PROBLEMÁTICA DA VERDADE.
Mário Ribeiro Martins*
Que é a verdade? É possível conhecer a verdade? Somos capazes de conhecê-la?
Desde que Pilatos não quis ouvir a resposta de Cristo à sua pergunta: QUID EST VERITAS (Que é a verdade?) e que, certamente, seria a mesma dada a Tomé “Eu sou o Caminho, a Verdade e a Vida”, uma das melhores respostas é a de ARISTÓTELES, que disse ser a verdade “uma adequação ou coerência lógica entre o que se diz e a coisa ou entre o que se diz e o ocorrido”.
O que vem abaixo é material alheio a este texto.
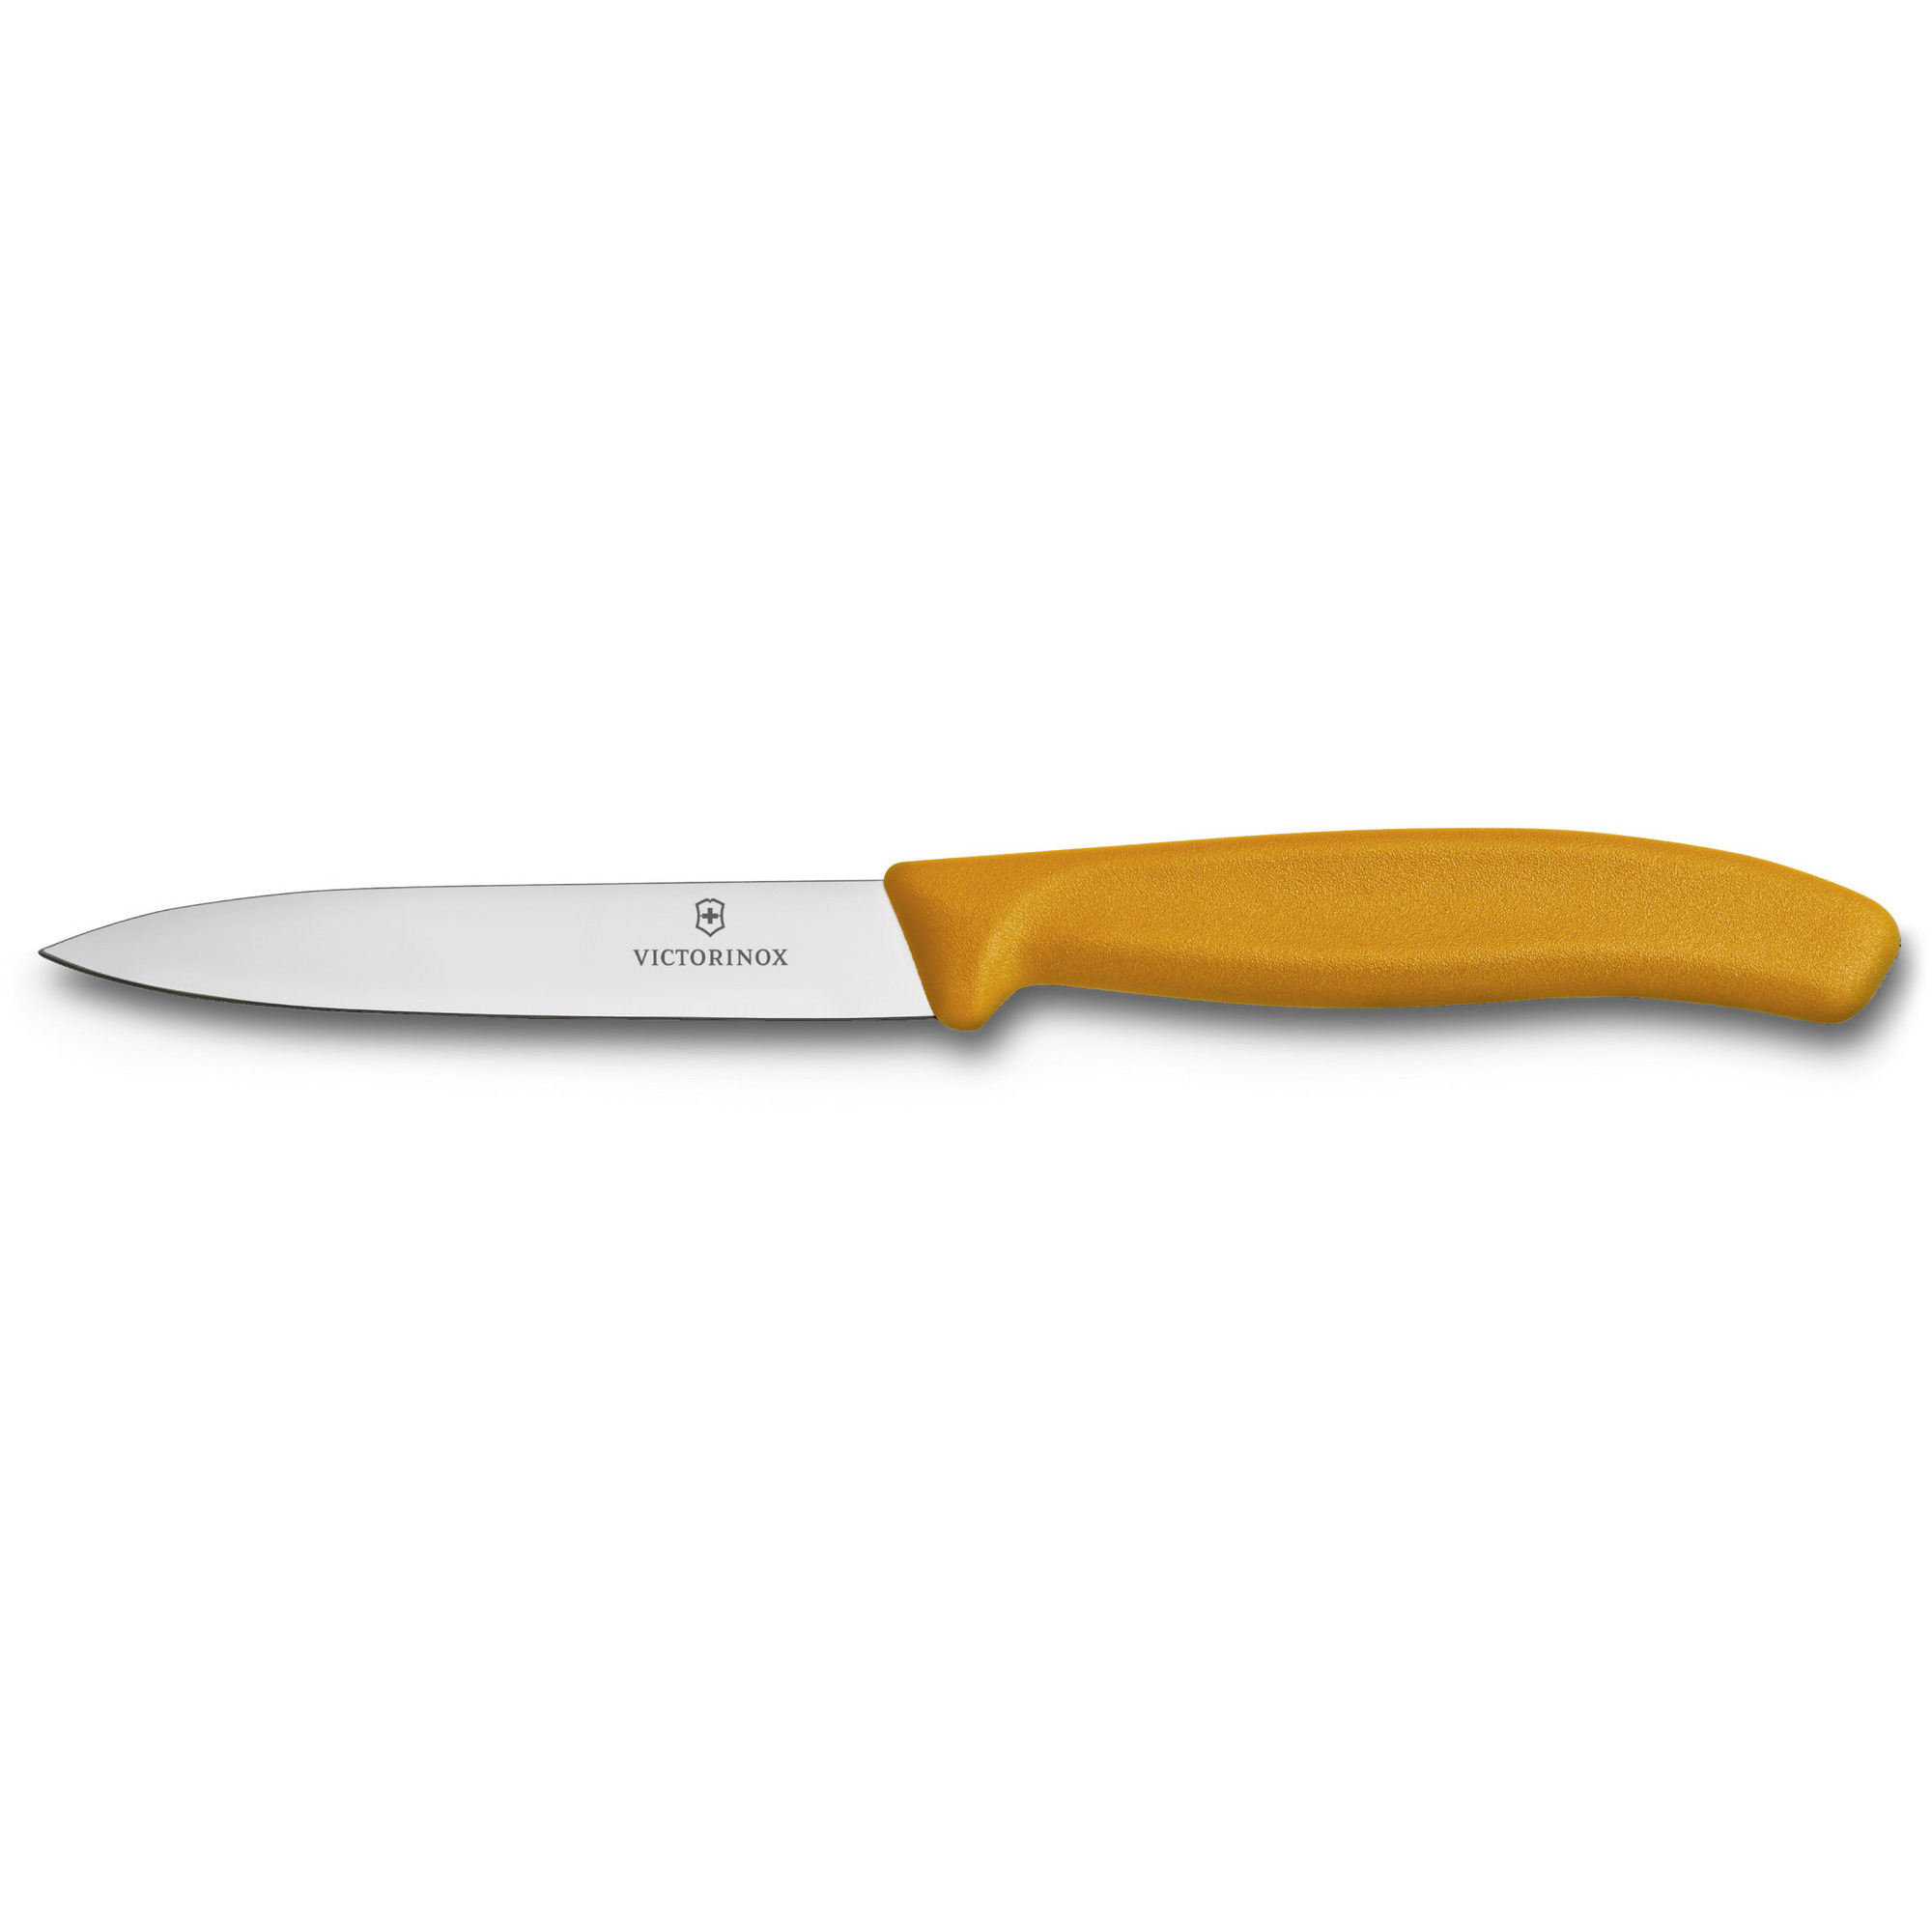 Victorinox Grøntsags- og skrællekniv med nylonhåndtag i orange, 10 cm.

Como o problema da verdade é fundamental da Filosofia e como nem todos acreditam que o homem seja capaz de conhecer a verdade, deve-se estabelecer os seguintes pontos:
A - TRÍPLICE PERCEPÇÃO DA CONSCIÊNCIA.
O conjunto infinito de todas as coisas pode ser percebido pela consciência ou seja, por aquela intuição imediata que o homem possui dos seus estados e dos seus atos. Assim sendo, a CONSCIÊNCIA (sujeito) percebe a CIRCUNSTÂNCIA ou seja, o ambiente em que ela está mergulhada, seu habitat, seu meio próximo, biológico, representado pela família, cidade, repartição, o ambiente em que vive e que está umbilicalmente vinculado a ele (sujeito). A palavra chave para designar esta relação entre Consciência e Circunstância é: MUITO PRÓXIMO.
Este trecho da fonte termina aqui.